GIVEN DATA>
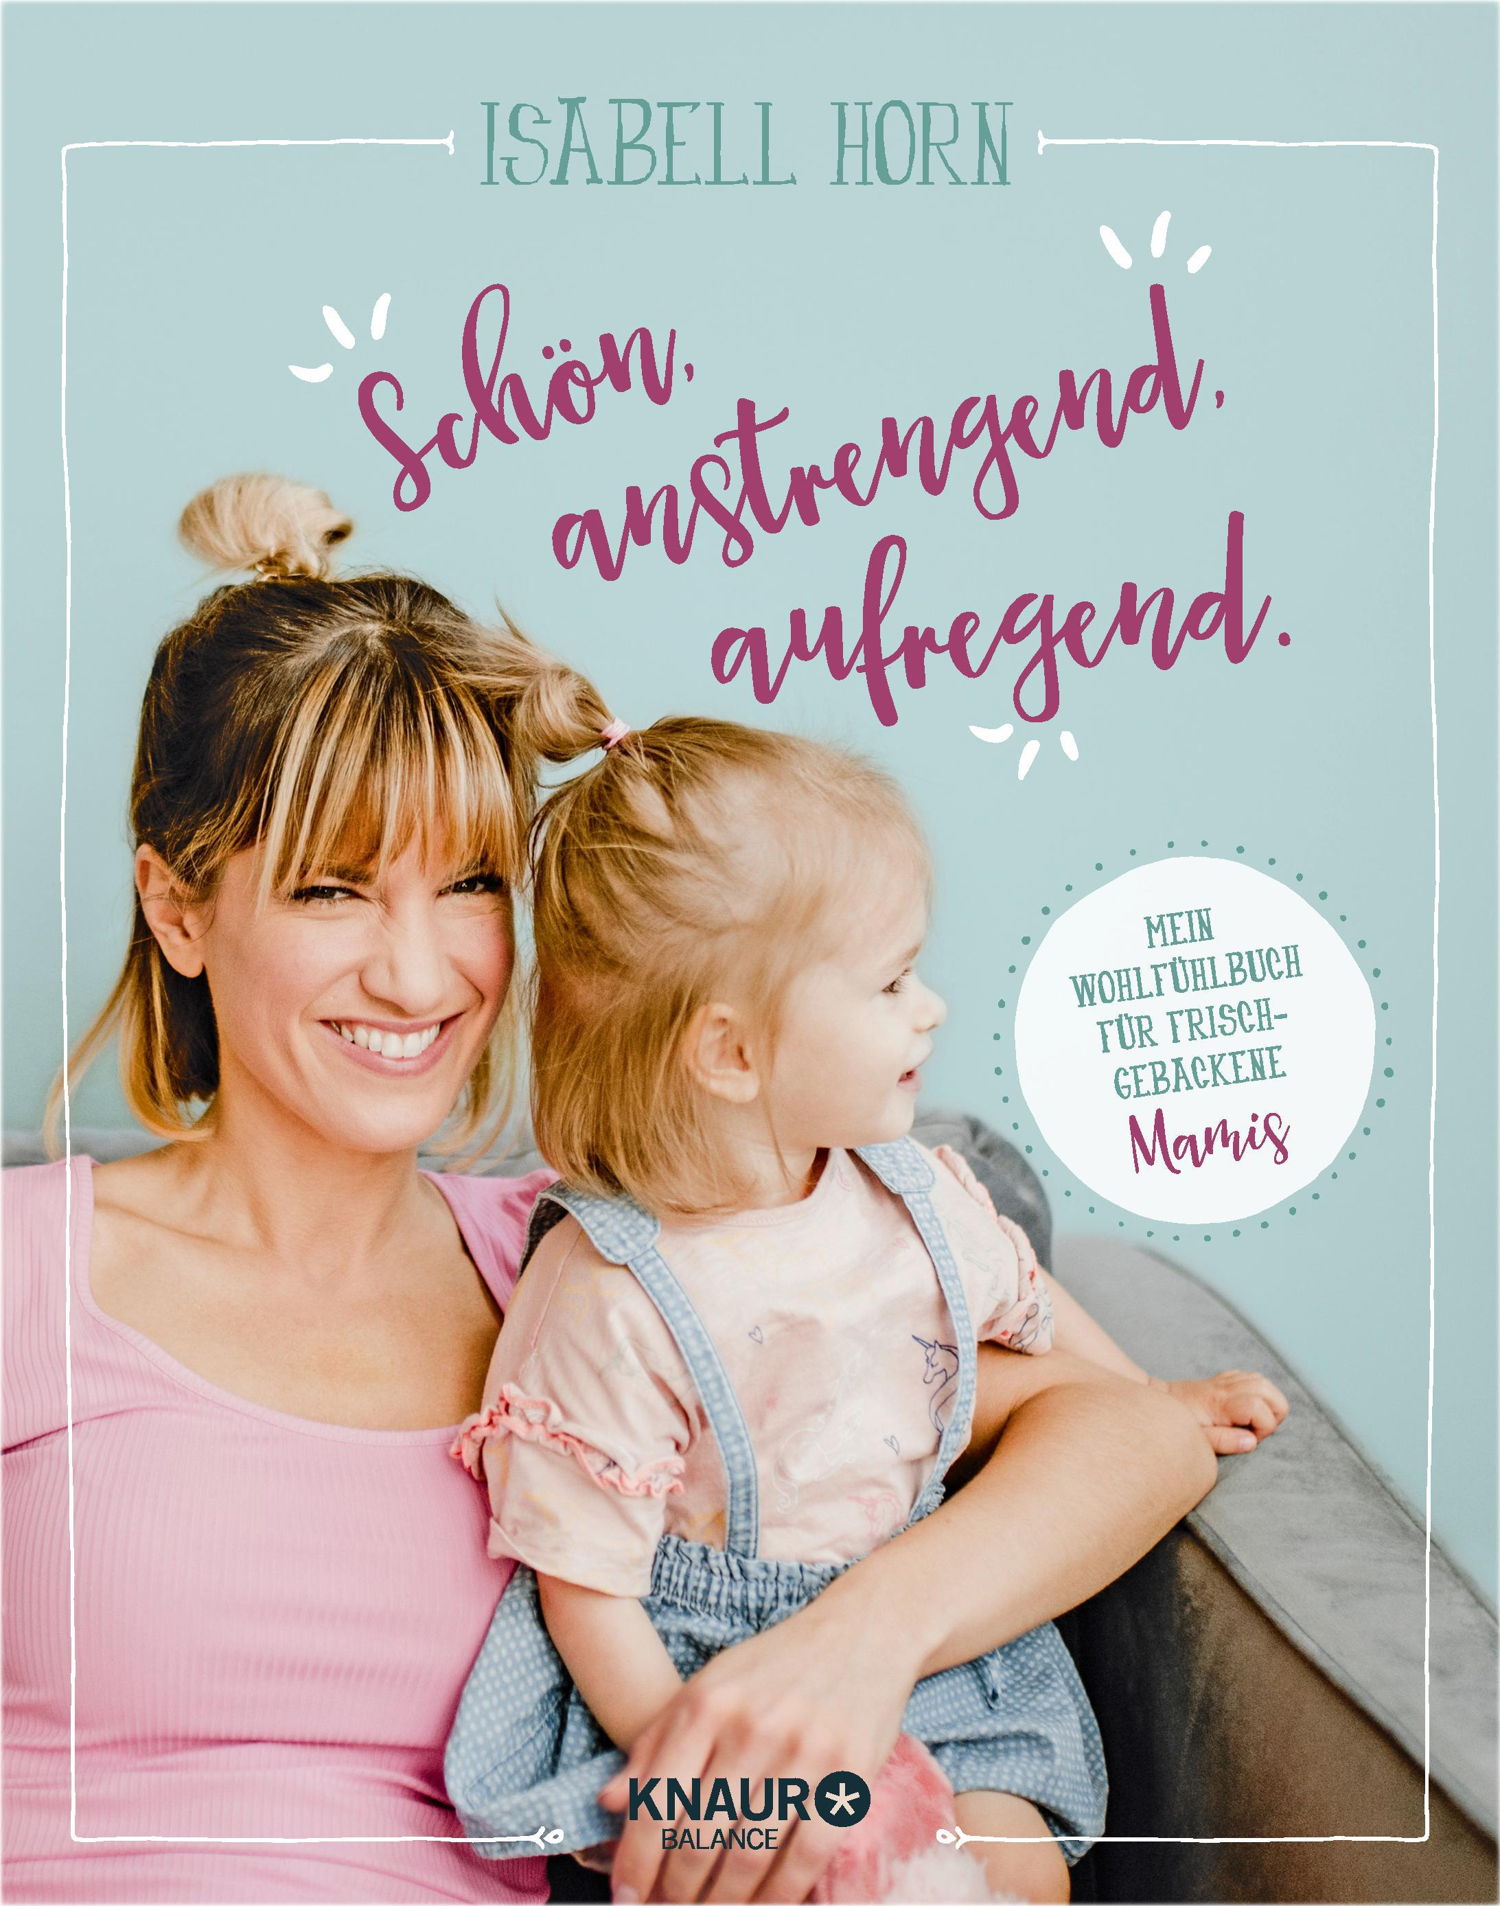 Das neue Wohlfühlbuch für frischgebackene Mamas mit hilfreichen Ratschlägen rund um das Mama-Sein, praxisnahen Tipps und Tricks für den neuen Alltag mit Baby.
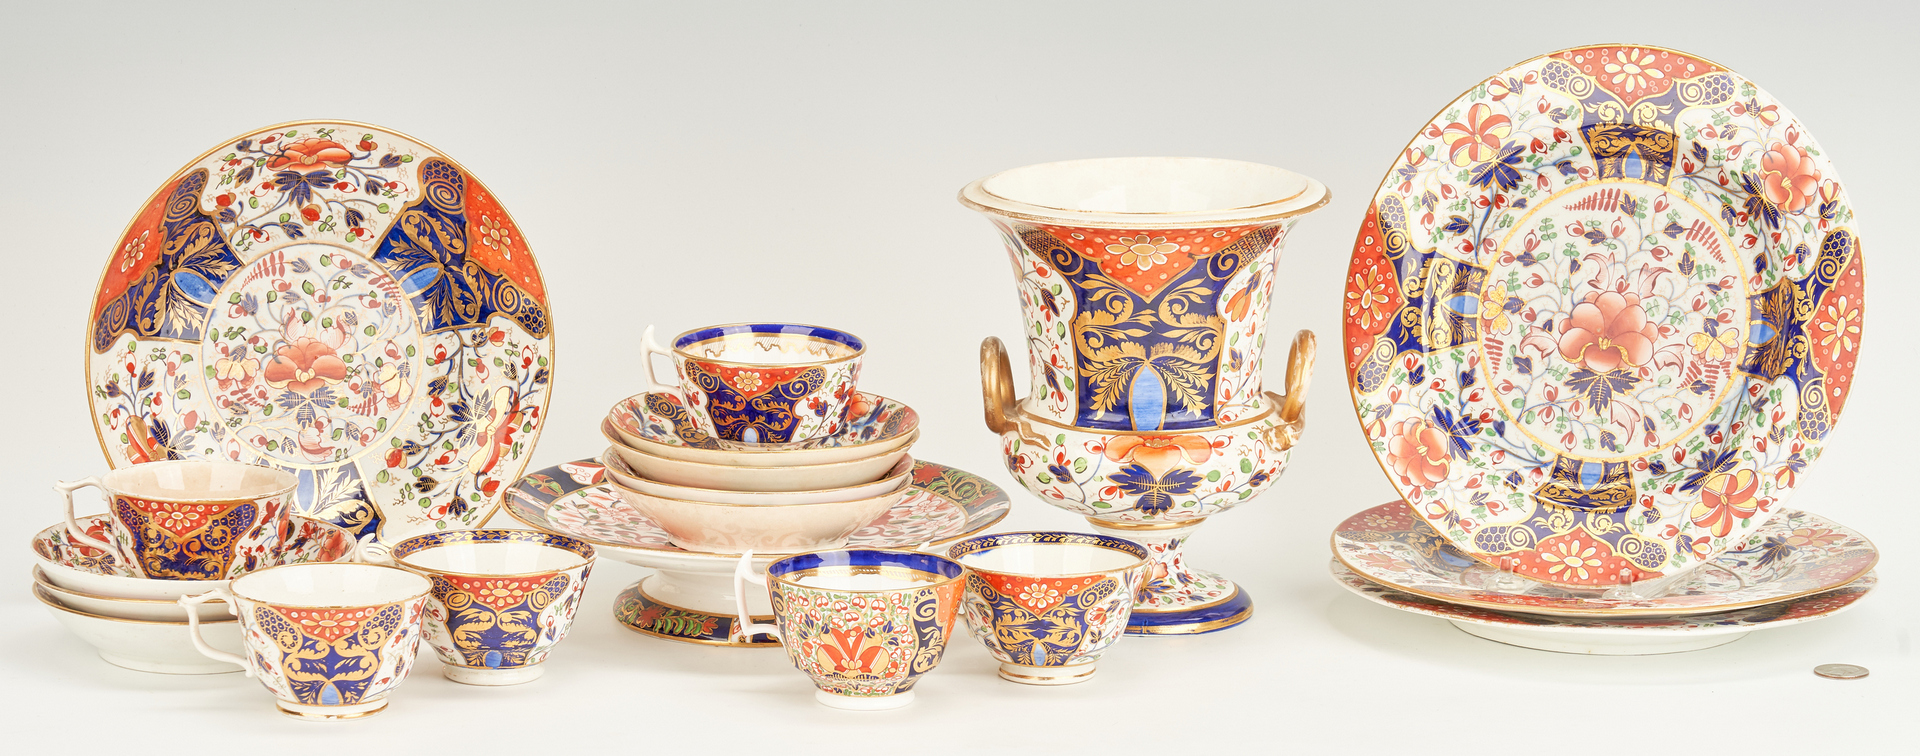 Lot 456: 19 Pcs. English Royal Crown Derby Porcelain
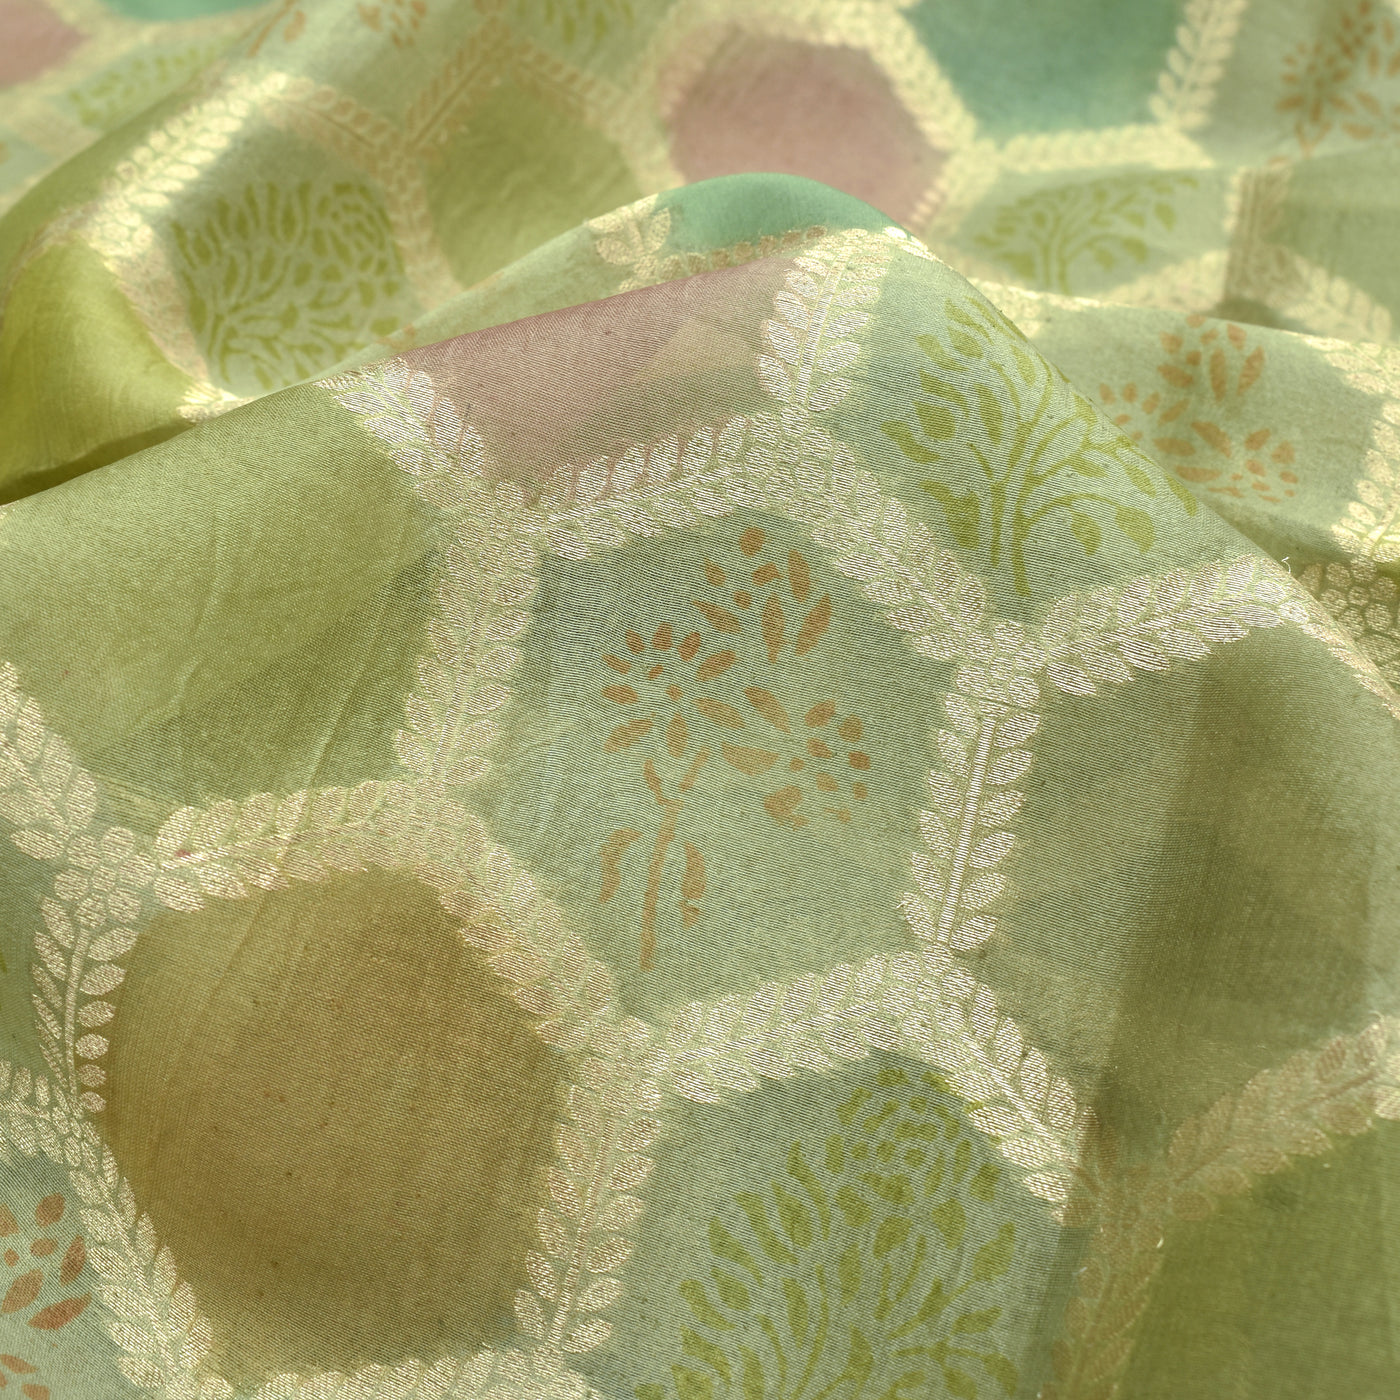 Elaichi Green Organza Fabric with Diamond Leaf Design

TASK BRIEF> Return the complete material above exactly, with no picture.

EXPECTED ANSWER>
 Das neue Wohlfühlbuch für frischgebackene Mamas mit hilfreichen Ratschlägen rund um das Mama-Sein, praxisnahen Tipps und Tricks für den neuen Alltag mit Baby.
 Lot 456: 19 Pcs. English Royal Crown Derby Porcelain
 Elaichi Green Organza Fabric with Diamond Leaf Design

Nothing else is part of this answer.